Do people not have anything more important to do than being angry? Daddy always used to tell me that anger and hatred originates in jealousy. It's usually true.
When girls excluded me in grammer school, it was because I had perfect hair and prettier dresses. When boys called me a bitch in high school, it was because I wouldn't lower m standards and make out with any of them.
I believe the PETA-people are jealous too. They look like they live in a dumpster and wish they were me.
You can't afford a fur? Then you might as well hate on those who can!

I love furs, always have. Not that I ever got to use them in Aussie! I think I prefer seasons over summer all year. I love the minis and espadrillos in summer, and love the furs and boots in winter. Wrapping myself in dead animals keeps me warm inside and out. Last year, hubby bought me a polar bear fur to put next to my bed, so it's the first thing I step on each morning. Lovely.

Yesterday I ran into a couple of PETA lunatics.
"Animal killer!" one screamed at me on.
I kept ignoring them and talking on my cell.

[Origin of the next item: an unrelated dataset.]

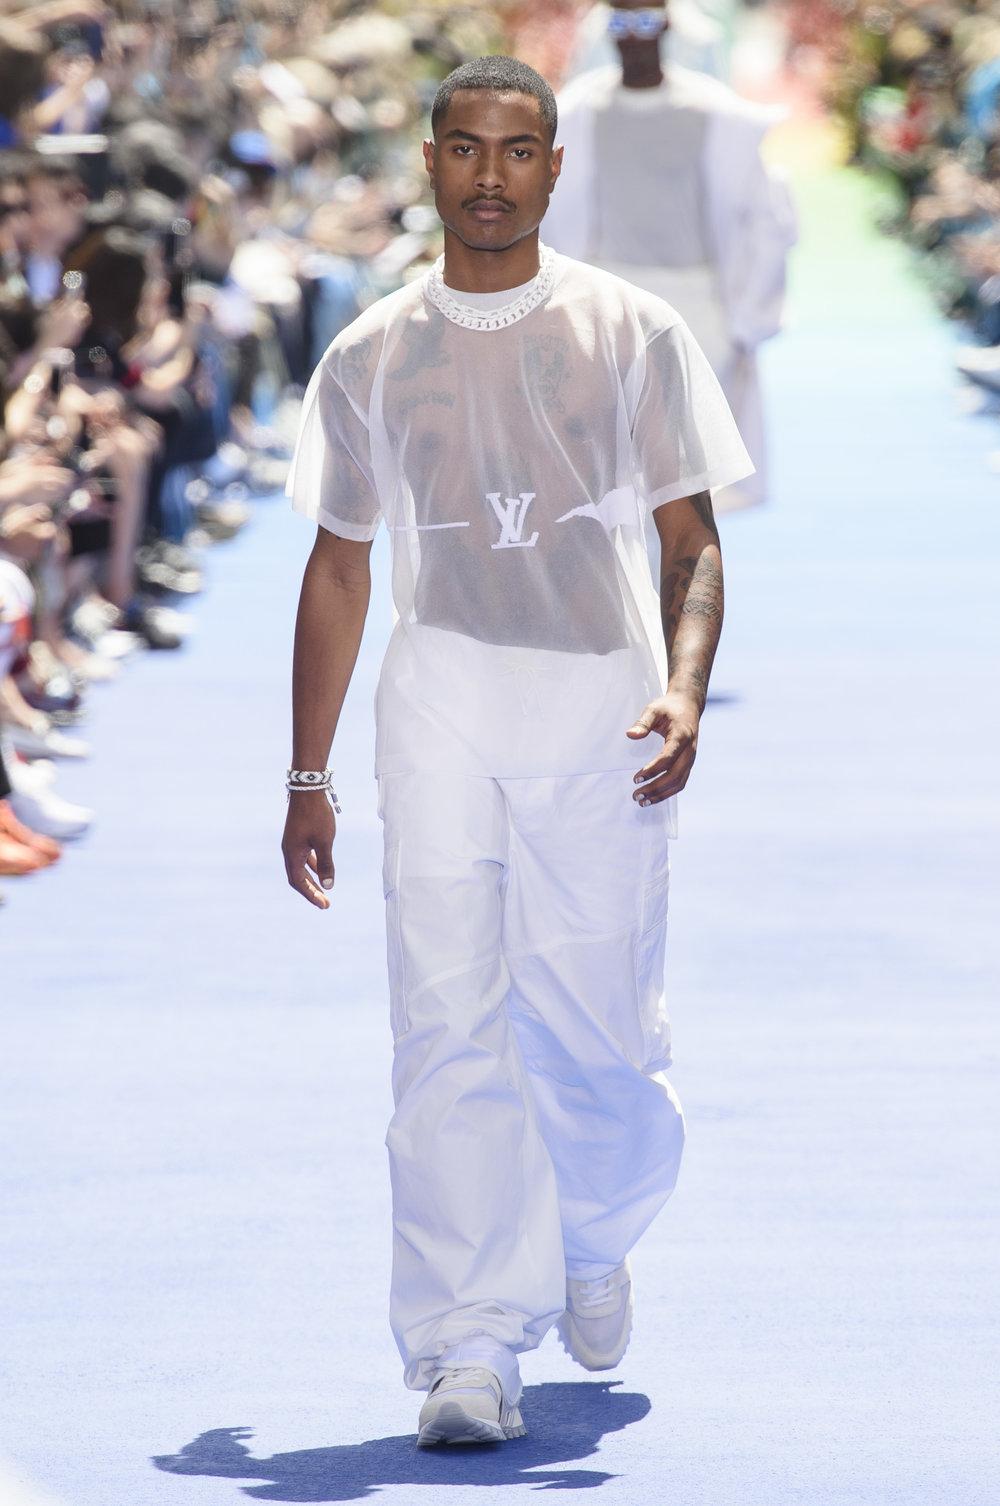 06_Louis_Vuitton_original_vui_prs_ss19_019.jpg

After a few blocks of stalking me while chanting "murderer" and "you're a walking cemetery", I'd had enough.
"Look, if you want a dollar to start a fund for your own fur coats, all you gotta do is ask", I said and stuffed a fiver in their hands.
Before they knew it I'd hailed a cab and hopped in. As we took off, they kicked the back of the car. Poor cabbie looked shocked, but I said "don't worry about it, here you go" and handed him two fifties.
Enough good deeds for this week.

Thursday, December 01, 2005

Skin and bones

Enough with the skinny-arse trend already! Actresses and socialites alike, all skin and bones. I don't know a trophy wife that doesn't have an eating disorder - and it just feels so 90's! But we have so much to live up to, we're supposed to have the life everyone else is dying to have. People look up to us, want to be us - what pressure! When you're rich, you can eat quality healthy food and have personal trainers, dietists and stylists surrounding you at all times. If you're a rich and fat woman - you're a disgrace to the (rich) mankind. Your husband can, and likely will, find someone better (read: thinner).

Fat people disgust me too, naturally. I'm just as obsessed in my mind to personify perfection. But I also want to be able to distinguish physical differences between a woman and a teenage boy on heroin. I like the T & A!
I'm not naturally thin. I have to pass up a lot of yummy things to look this hot. I'm lazy with my personal trainers, whom I switch more often than most change underwear anyway, so I never get into a routine.

Two years ago, I got on a strict diet after I'd seen old pictures of me when I lived in Australia. Ok, we played around on the beach all day there. Volleyboll and sun does wonders! But in the U.S., where the national dish is 'anything deep fried', I had to really be careful. The strict diet made wonders, but hubby (then boyfriend) forced me off it.
"I won't marry a skeleton", he said completely serious. "Stop this insanity!"
I did. Hubby took me out to steak dinners and kept track of how much I ate. Knowing hubby cared for my health AND dug my curves, I could begin eating without guilt-issues.